Technology laws must be updated to protect kids

Want to draw a picture or play a game and have your name, phone number, email address and even your exact geographic location sent to software companies and advertisers?

Yeah, there’s an app for that.

The Federal Trade Commission is currently looking into applications, or “apps,” for mobile devices that do exactly that. The kicker though? These apps are specifically geared toward children using tablets, phones and MP3 players.

The staff of the FTC randomly chose 200 apps from carrier stores by typing in the word “kids.” About 60 percent of those apps, once downloaded onto a phone, transmitted the device information to software companies, data brokers and advertising networks, which compile consumer information to develop marketing campaigns.

But a device ID, unique to the exact mobile device you are using, is a pathway to even more information. More than a dozen of those randomly selected apps retrieved the exact geographic location of the device.

“It’s not hypothetical that this information was shared,” Jessica Rich, associate director of the FTC’s financial practices division, told The Associated Press.

Now remember, these apps are specifically designed for and used by children.

According to the FTC report “mobile apps can siphon data to ‘invisible and unknown’ third parties that could be used to develop a detailed profile of a child without a parent’s knowledge or consent.”

Only about 20 percent of these apps had any privacy disclosures, and even then, the disclosures were inadequate. And most of them linked to social networks like Facebook, Twitter and Pinterest, which should not be available to a child under the age of 13.

And in this test sampling, just 200 out of the thousands and thousands of apps out there geared toward children, one such game had banner ads across the bottom of the screen advertising “1000s of Sexy Singles.”

And it’s an audience catered to children.

Parenting experts used to recommend that computers be kept in common living areas so that parents could monitor their child’s Internet usage. But these days, everyone carries a computer around in their pocket or backpack as smartphones and tablets have evolved.

Are these companies violating privacy rights of children? Maybe. Is this unethical, unfair, deceptive or illegal behavior? The FTC plans to make that determination.

Right now, the FTC wants to overhaul the 1998 Children’s Online Privacy Protection Act, which would have even stronger safeguards for children under the age of 13. It’s probably the right move.
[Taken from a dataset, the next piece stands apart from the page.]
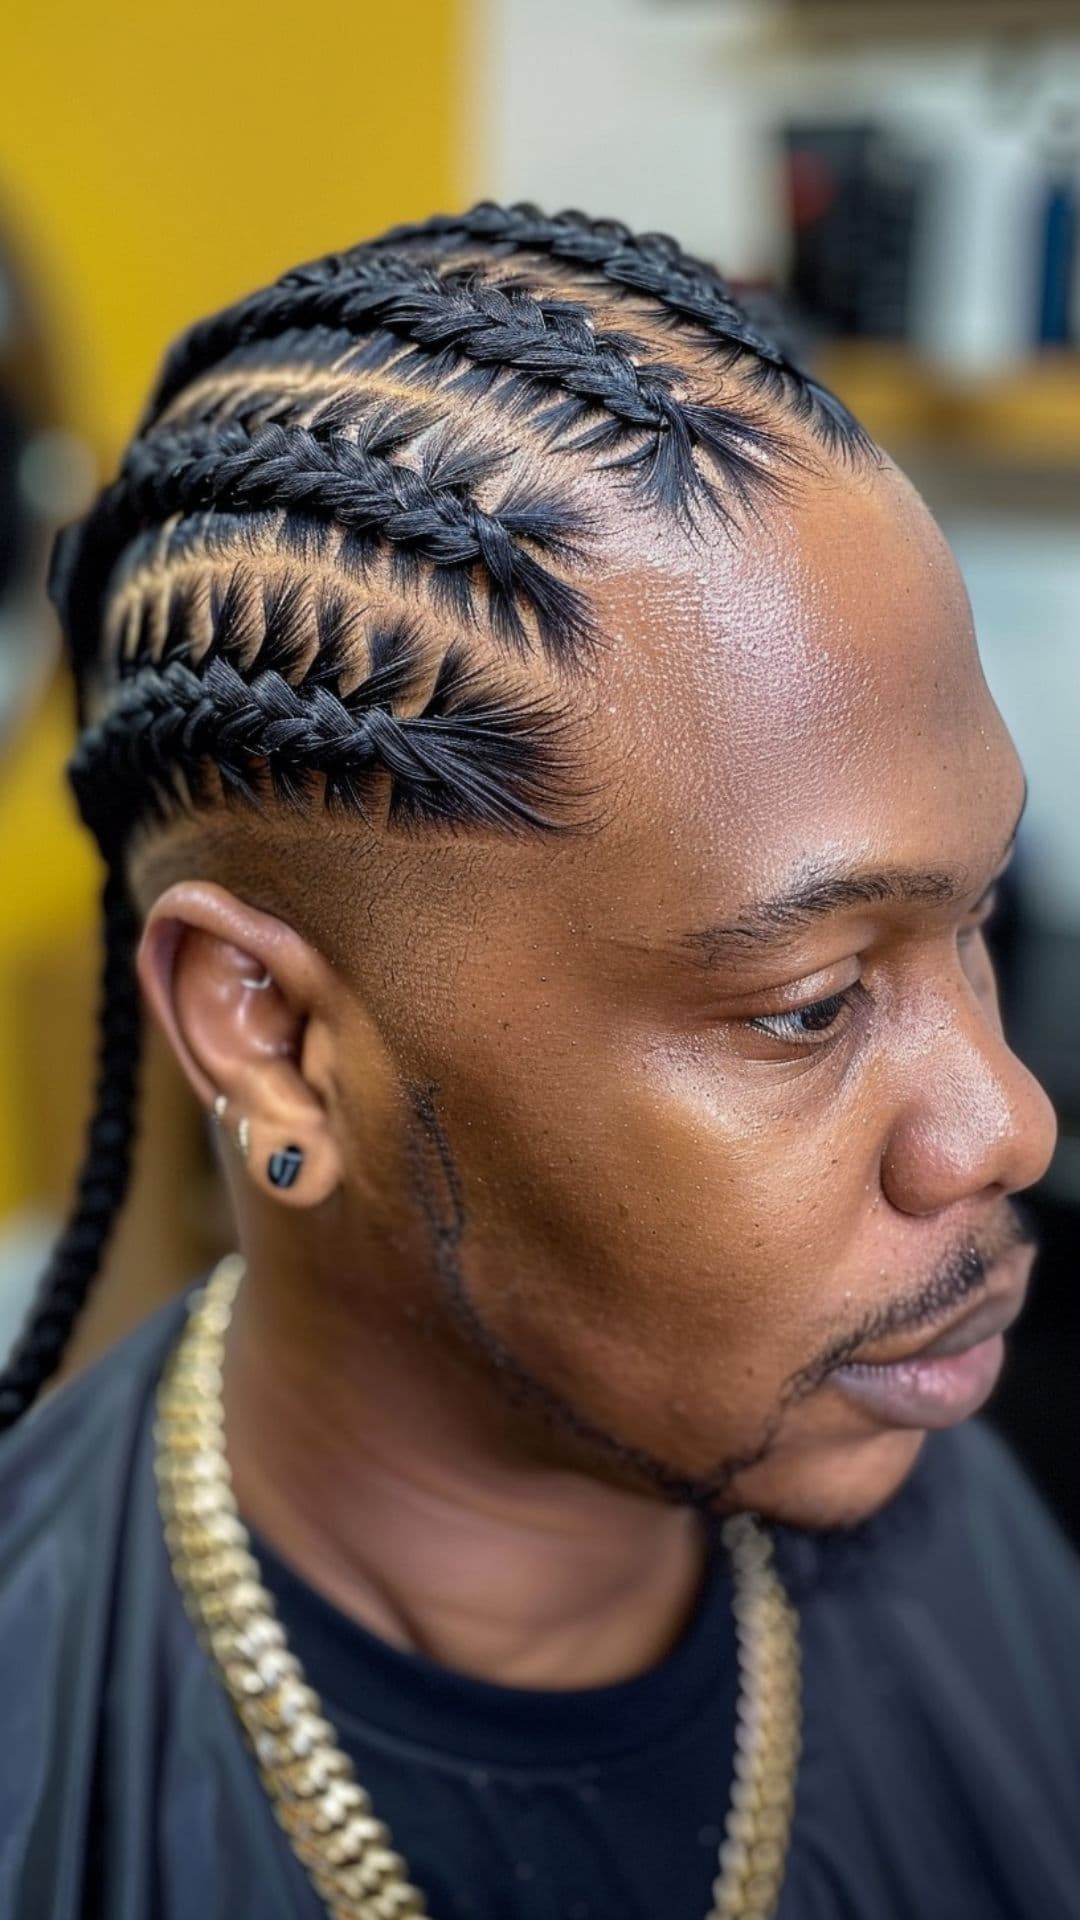 A black man modelling cornrows hairstyle.

Technology developed last year is outdated. Think about laws that govern technology and how outdated they must be after 14 years.

Laws have to keep up with technology. There is no way to write an expansive law to protect the rights and privacy of children today for tomorrow’s technology. Laws have to regularly be reviewed, updated and current.

Technology is measured by months. In March, Apple and Google had 880,000 apps available for mobile devices. Today, there are 1.4 million. That’s 1.4 million reasons why we need to think about protecting the privacy of our children.